We utilize the Ontology Alignment Evaluation Initiative (OAEI) 2022 Bio-ML track datasets, which included the Human Disease Ontology (DOID) [26], the Orphanet Rare Diseases Ontology (ORDO) [27], the Online Mendelian Inheritance in Man (OMIM) [28], the Systematized Nomenclature of Medicine-Clinical Terms (SNOMED CT) [29] and the National Cancer Institute Thesaurus (NCIT) [30] as the experimental datasets.

(1) DOID: The comprehensive classification set of human diseases organized by etiology provided by OAEI in 2022, mainly describing the terms, phenotypic characteristics, and related medical vocabulary of human disease concepts. The ontology has a total of more than 46,000 words for diseases and medicine, which can provide consistent terminology for the biomedical community.

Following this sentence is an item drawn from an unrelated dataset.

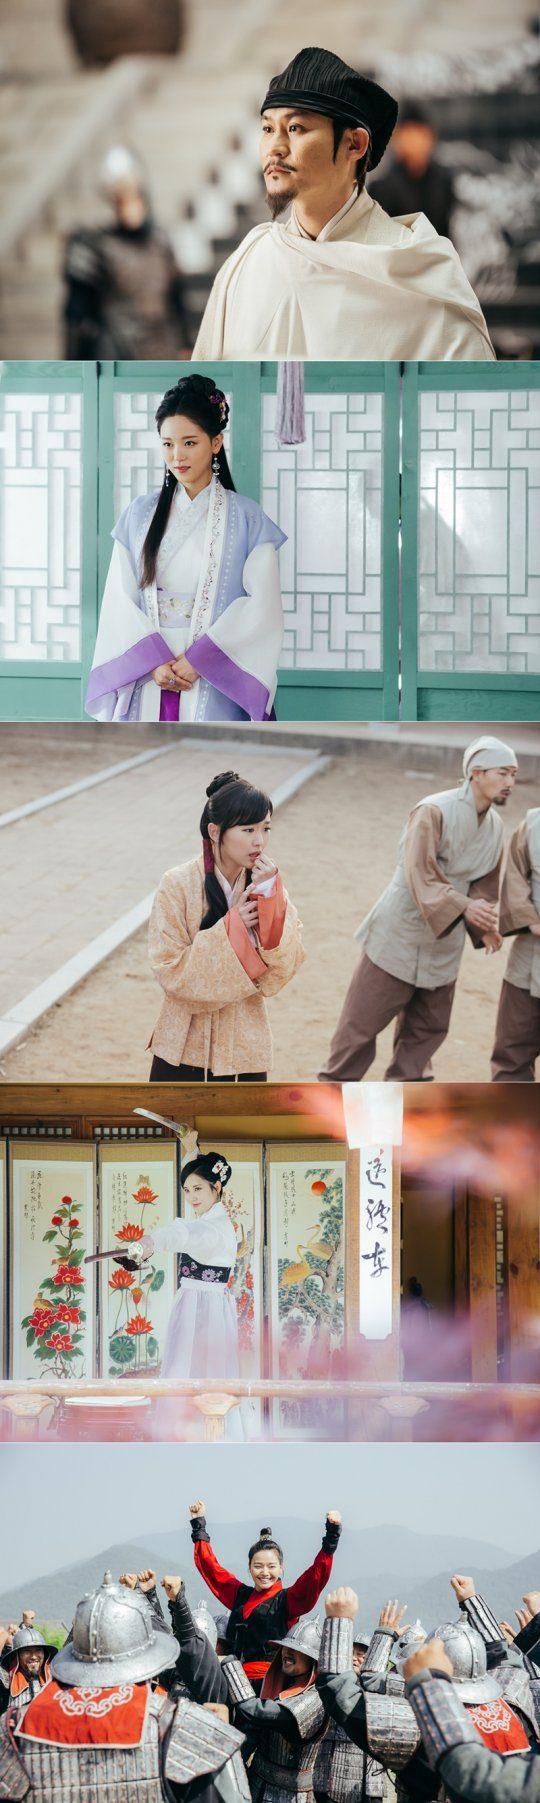 kim-sung-kyun-kang-han-na-ji-he-ra
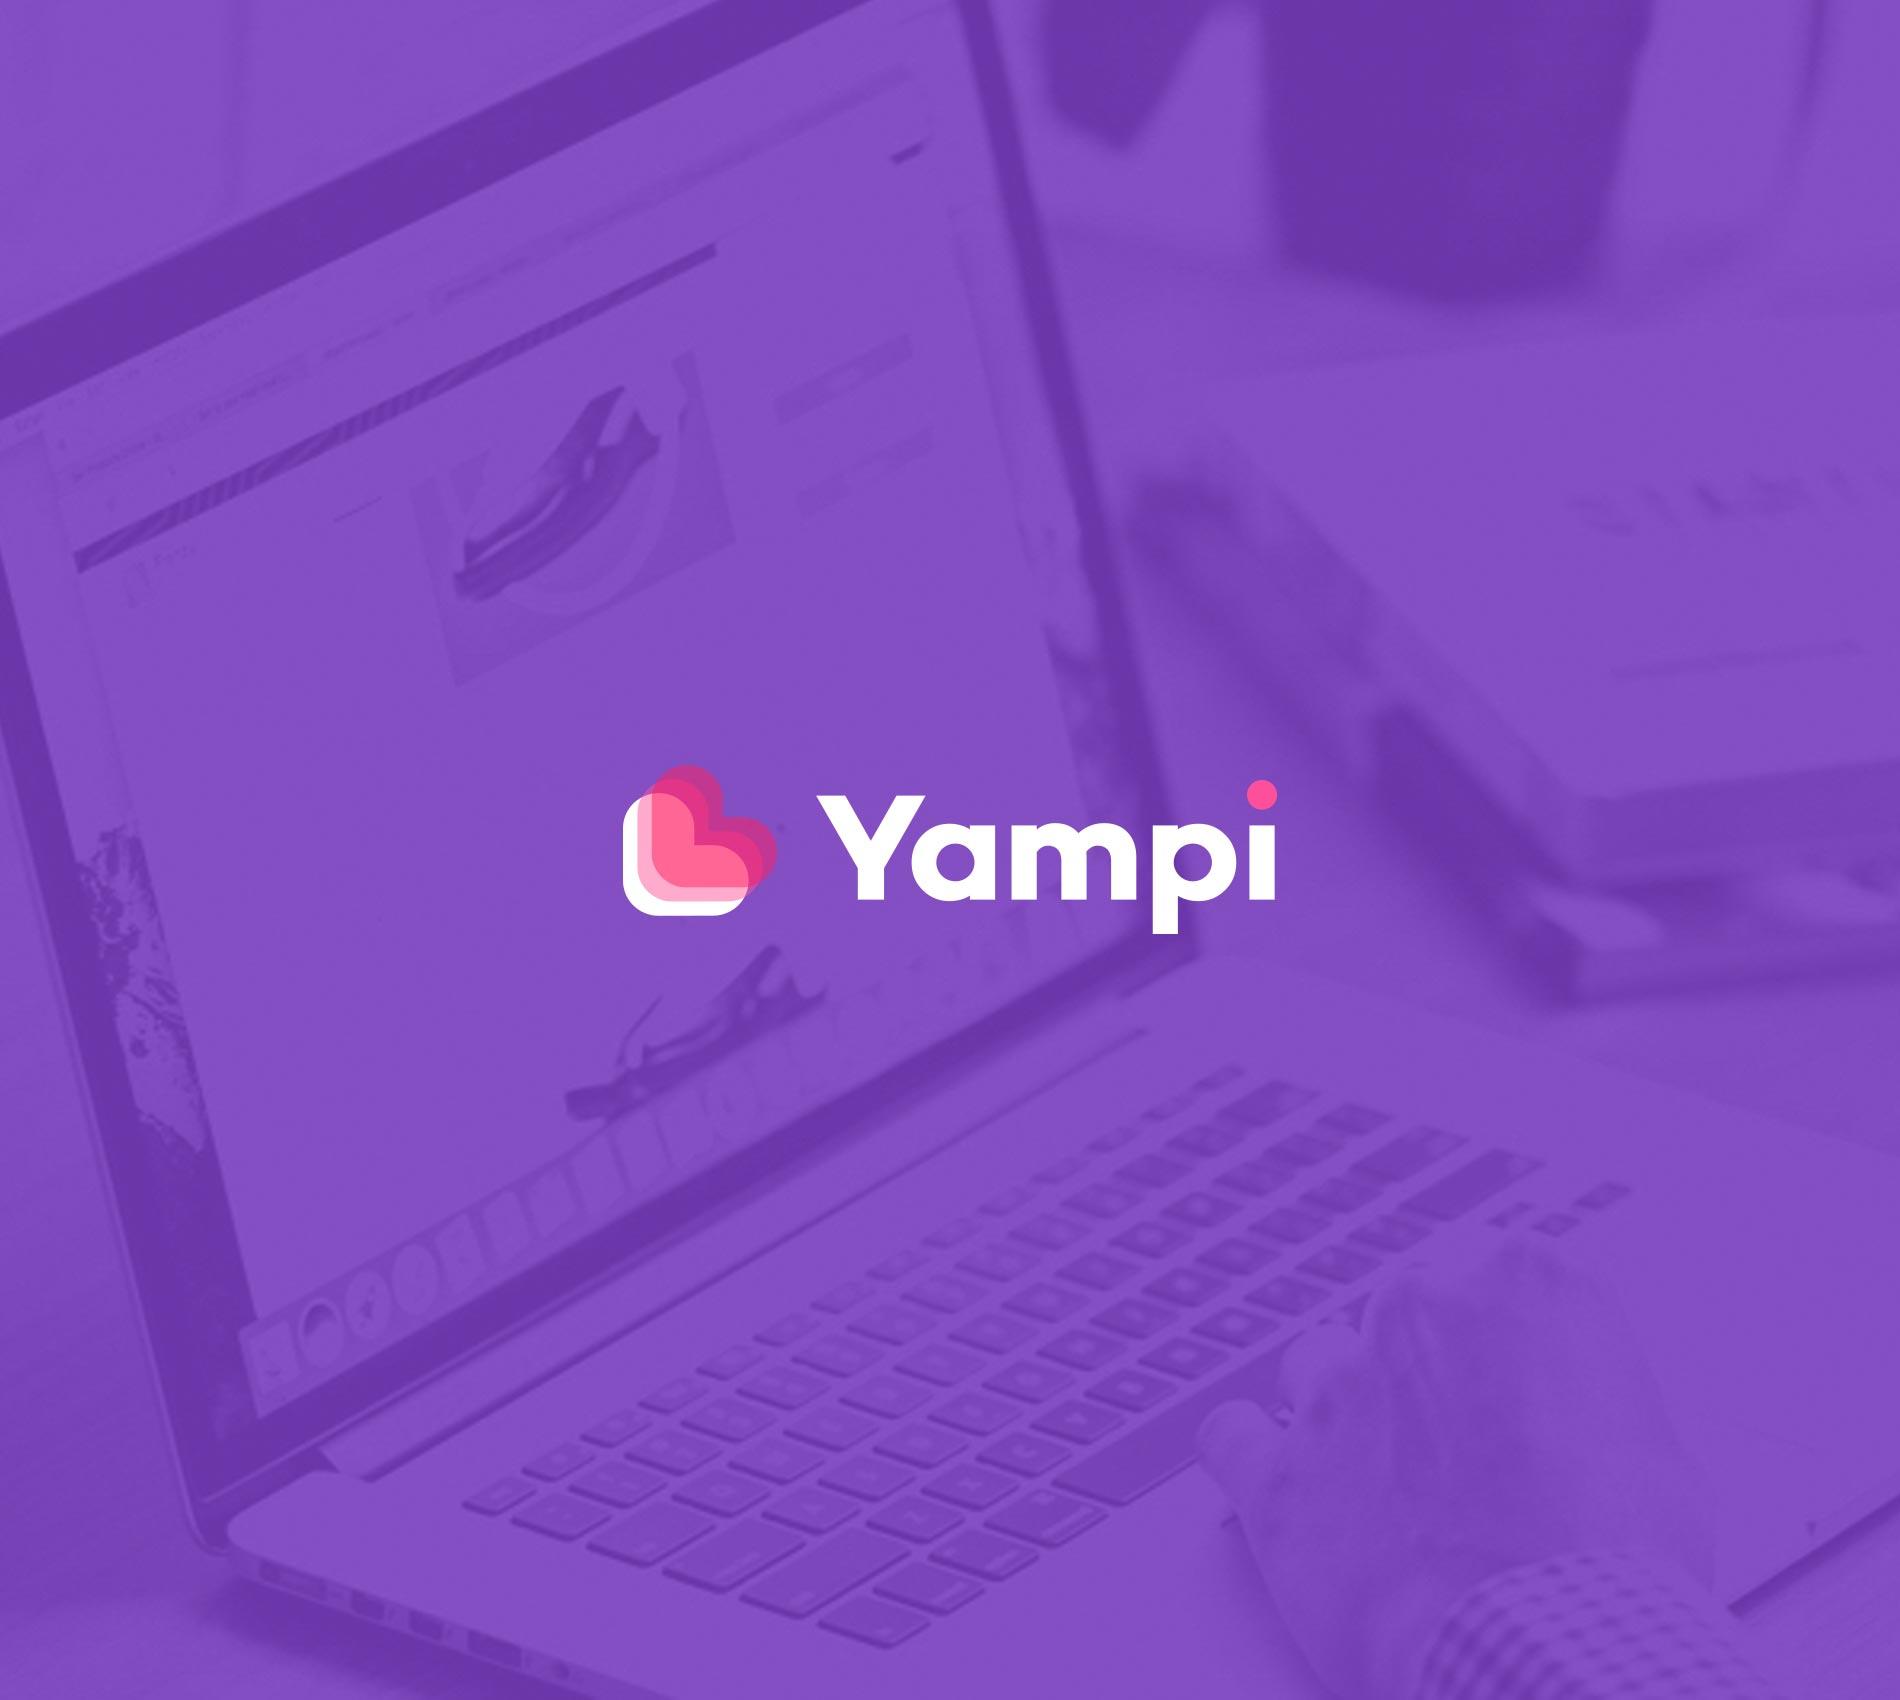 PagBrasil integrates with Yampi platform

(2) ORDO: This ontology aims to provide a structured vocabulary for rare diseases, primarily describing the classification of rare diseases in disease, gene-disease relationships, epidemiology, and associations between other databases (such as Reactome and UniProtKB) or classifications (such as ICD10).

(3) OMIM: A set of public terms describing the complex relationship between human genes and genetic phenotypes, derived primarily from published biomedical literature. The ontology has a structured format and is now widely used by clinicians, molecular biologists, and genome scientists.

(4) SNOMED CT (abbreviated SNOMED): A combined conceptual system based on description logic, which mainly describes the clinical terminology knowledge of diseases, diagnoses, and drugs in the form of concepts. Each concept has a unique concept code, and multiple synonyms can be used to describe the same concept.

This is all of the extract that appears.